Читаем Alexis ou le Traité du Vain Combat - Le Coup de Grâce полностью

Je n’ai pas besoin de vous dire que nous étions très pauvres. Il y a quelque chose de pathétique dans la gêne des vieilles familles, où l’on semble ne continuer à vivre que par fidélité. Vous me demanderez envers qui : envers la maison, je suppose, envers les ancêtres aussi, et simplement envers ce que l’on fut. La pauvreté, mon Dieu, n’a pas beaucoup d’importance pour un enfant ; elle n’en avait pas non plus pour ma mère et mes sœurs, car tout le monde nous connaissait, et personne ne nous croyait plus riches que nous ne l’étions. C’était l’avantage de ces milieux très fermés d’autrefois, qu’on y considérait moins ce que vous étiez que ce que vous aviez été. Le passé, pour peu qu’on y songe, est chose infiniment plus stable que le présent, aussi paraissait-il d’une conséquence bien plus grande. On ne nous prêtait pas plus d’attention qu’il ne fallait ; ce que l’on estimait en nous, c’était un certain feld-maréchal qui vécut à une époque fort lointaine, dont personne, à un siècle près, ne se rappelait la date. Je me rends compte aussi que la fortune de mon grand-père, et les distinctions obtenues par mon bisaïeul, restaient à nos yeux des faits beaucoup plus considérables, même beaucoup plus réels que notre propre existence. Ces vieilles façons de voir vous font probablement sourire ; je reconnais que d’autres, tout à fait opposées, ne seraient pas plus déraisonnables, mais enfin celles-ci nous aidaient à vivre. Comme rien ne pouvait empêcher que nous ne fussions les descendants de ces personnages devenus presque légendaires, rien ne pouvait empêcher non plus qu’on ne continuât de les honorer en nous ; c’était bien la seule part du patrimoine qui fût vraiment inaliénable. On ne nous reprochait pas d’avoir moins d’argent et de crédit qu’ils n’en avaient possédé ; cela était trop naturel ; il y aurait eu, à vouloir égaler ces gens célèbres, je ne sais quoi d’inconvenant comme une ambition déplacée.

Ainsi, la voiture qui nous menait à l’église eût semblé démodée ailleurs qu’à Woroïno, mais là, je pense qu’une voiture nouvelle eût choqué davantage, et si les robes de notre mère duraient un peu trop longtemps, on ne le remarquait pas non plus. Nous, les Géra, n’étions pour ainsi dire que la fin d’un lignage, dans ce très vieux pays de la Bohême du Nord. On aurait pu croire que nous n’existions pas, que des personnages invisibles, mais beaucoup plus imposants que nous-mêmes, continuaient à emplir de leurs images les miroirs de notre maison. Je voudrais éviter jusqu’au soupçon de rechercher un effet, surtout à la fin d’une phrase, mais on pourrait dire, en un certain sens, que ce sont les vivants, dans les vieilles familles, qui semblent les ombres des morts.
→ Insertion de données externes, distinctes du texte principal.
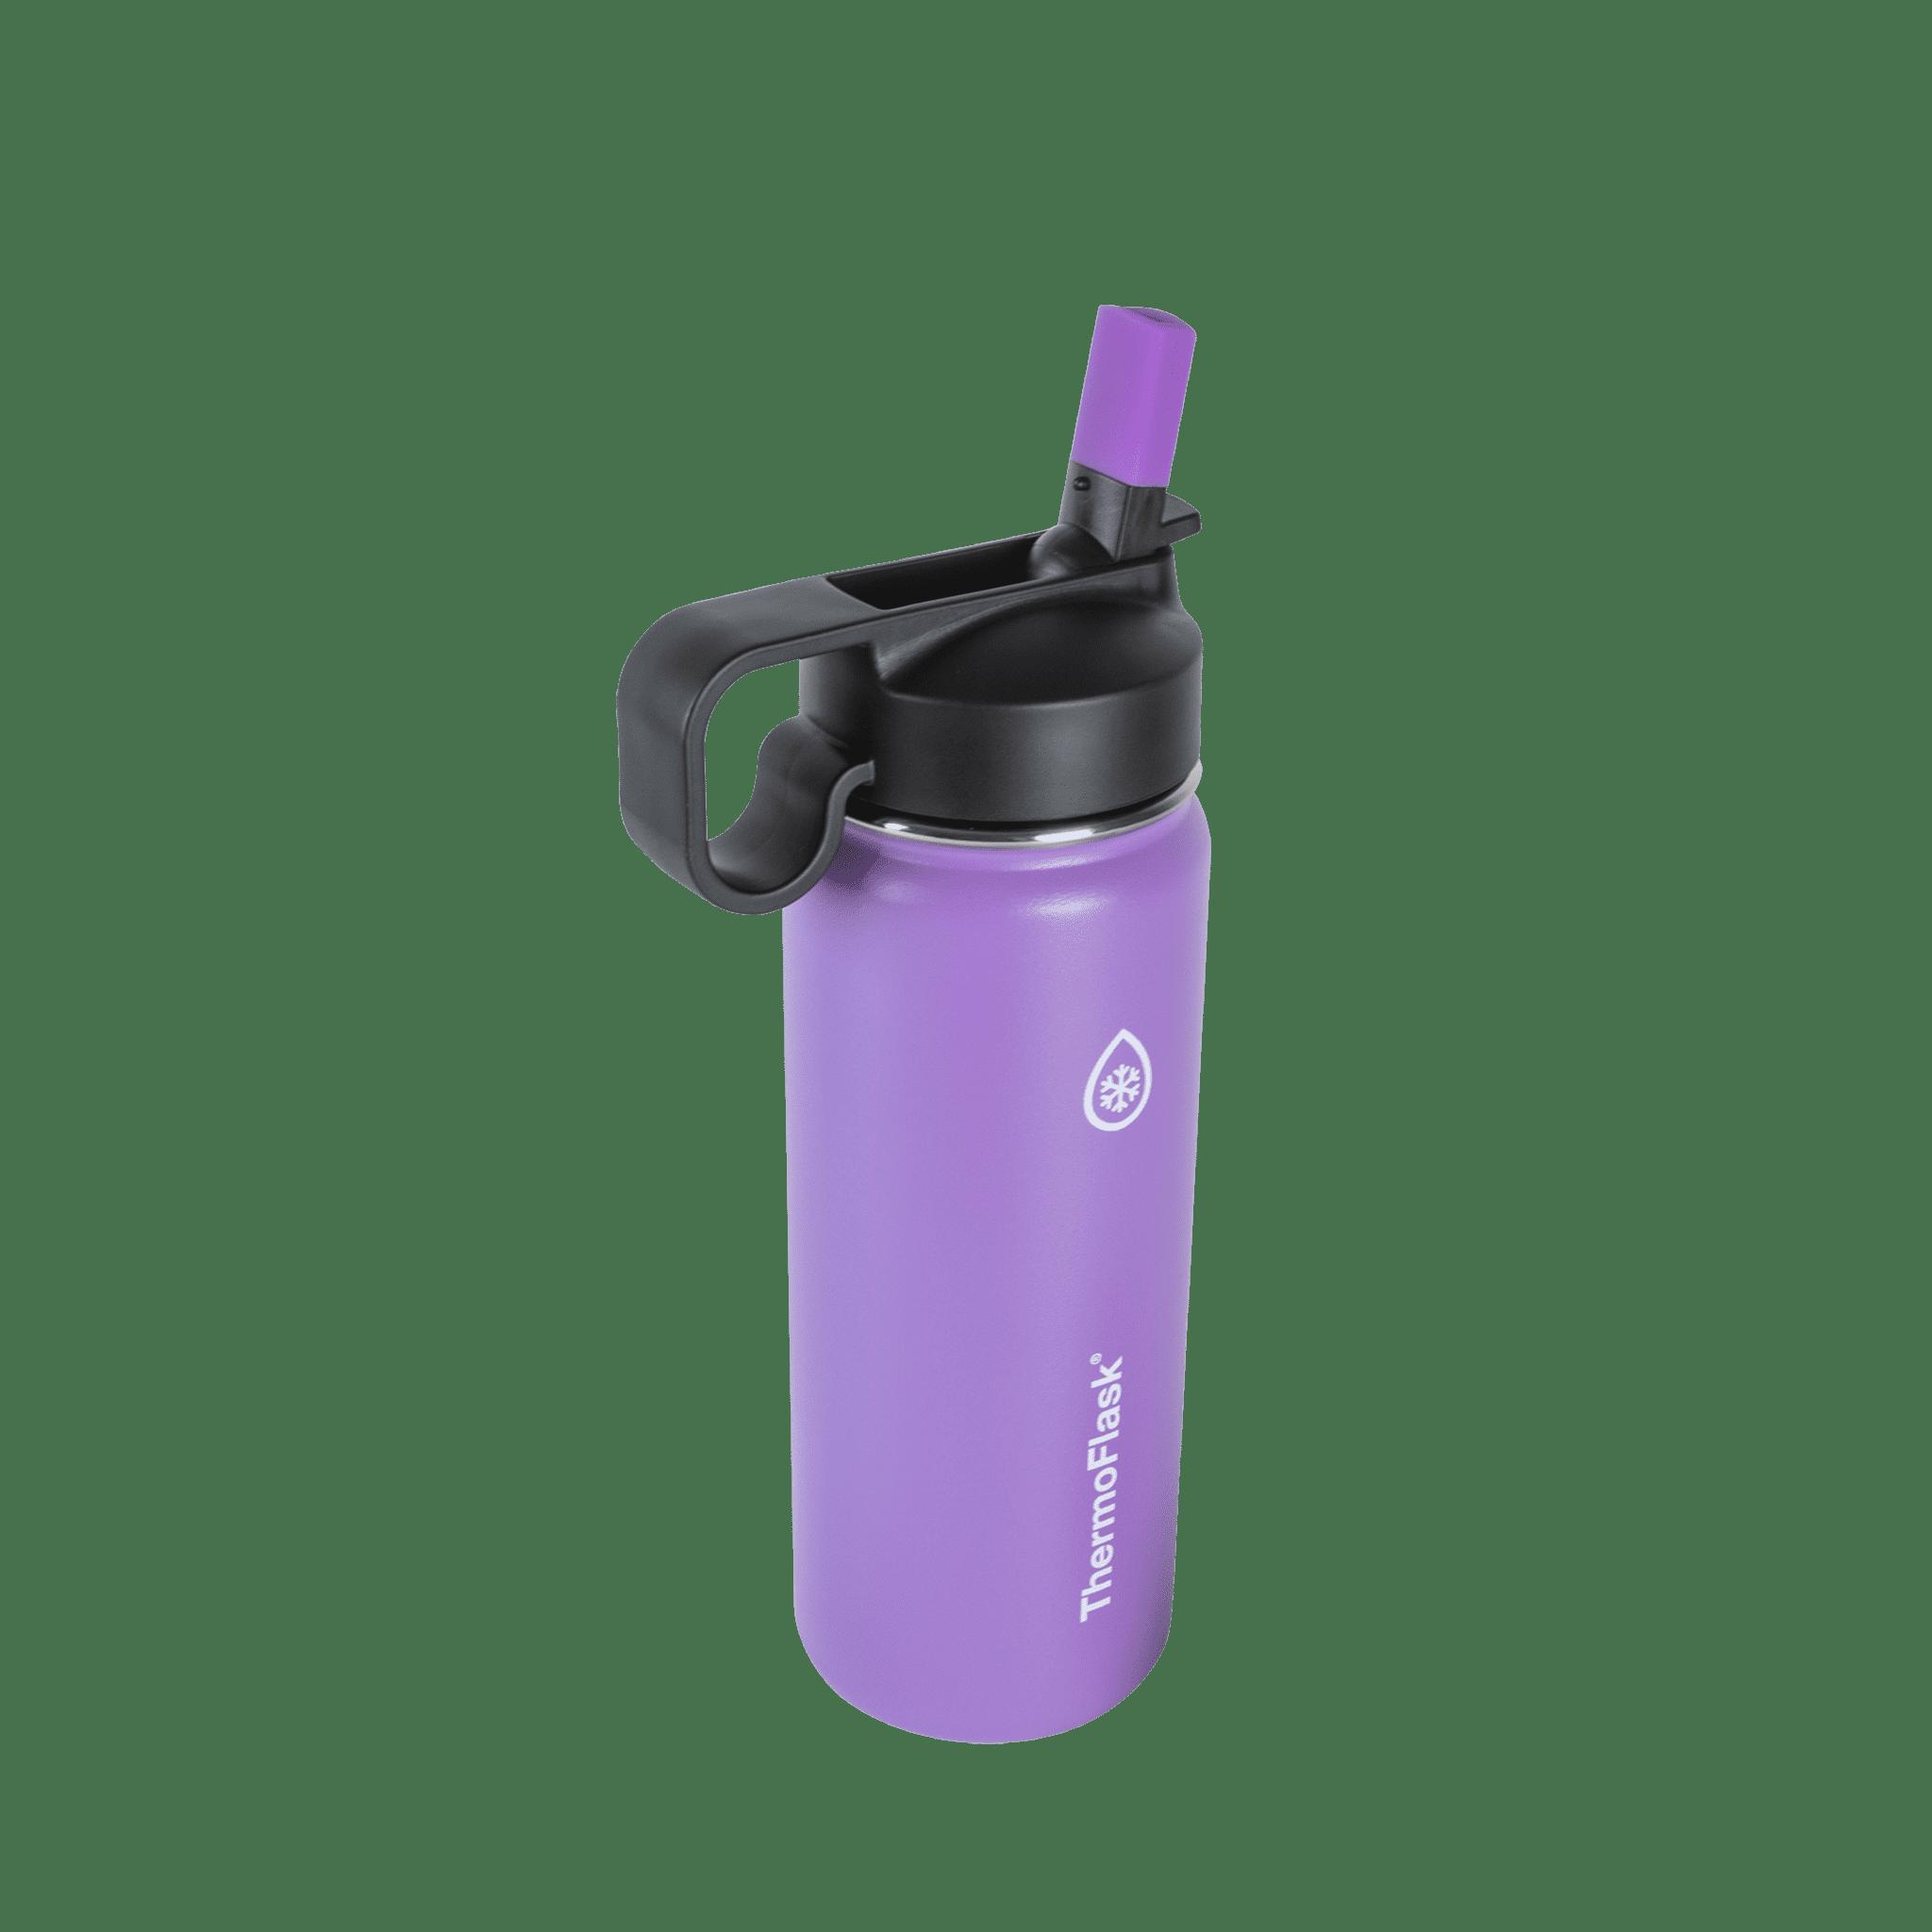 0259 Healthy Coffee Orange Juice Milk Easy To Carry Carton Bottle BPA Free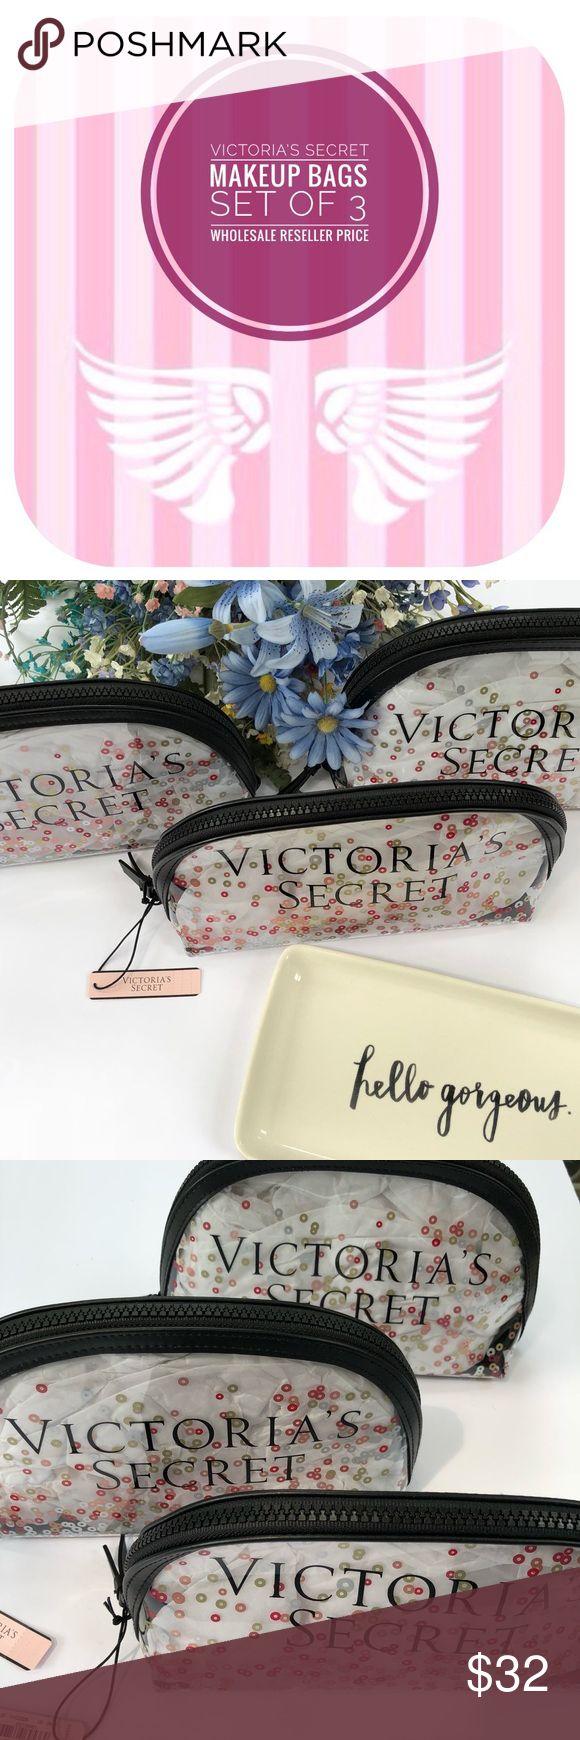 WHOLESALE! (3) Victoria's Secret ZIP Makeup Bag 3 Victoria

Il faut me pardonner de m’attarder si longtemps à ce Woroïno d’autrefois, car je l’ai beaucoup aimé. C’est une faiblesse, je n’en doute pas, et l’on ne devrait rien aimer, du moins rien aimer particulièrement. Ce n’était pas que nous y fussions très heureux ; du moins, la joie n’y habitait guère. Je ne crois pas me rappeler d’y avoir entendu un rire, même un rire de jeune fille, qui ne fût pas étouffé. On ne rit pas beaucoup, dans les vieilles familles. On finit même par s’habituer à n’y parler qu’à voix basse, comme si l’on craignait d’y réveiller des souvenirs, qu’il est vraiment préférable de laisser dormir en paix. On n’y était pas malheureux non plus, et je dois dire aussi que je n’y ai jamais vu pleurer. Seulement, on y était un peu triste. Cela tenait au caractère encore plus qu’aux circonstances, et tout le monde admettait, autour de moi, que l’on pût être heureux sans jamais cesser d’être triste.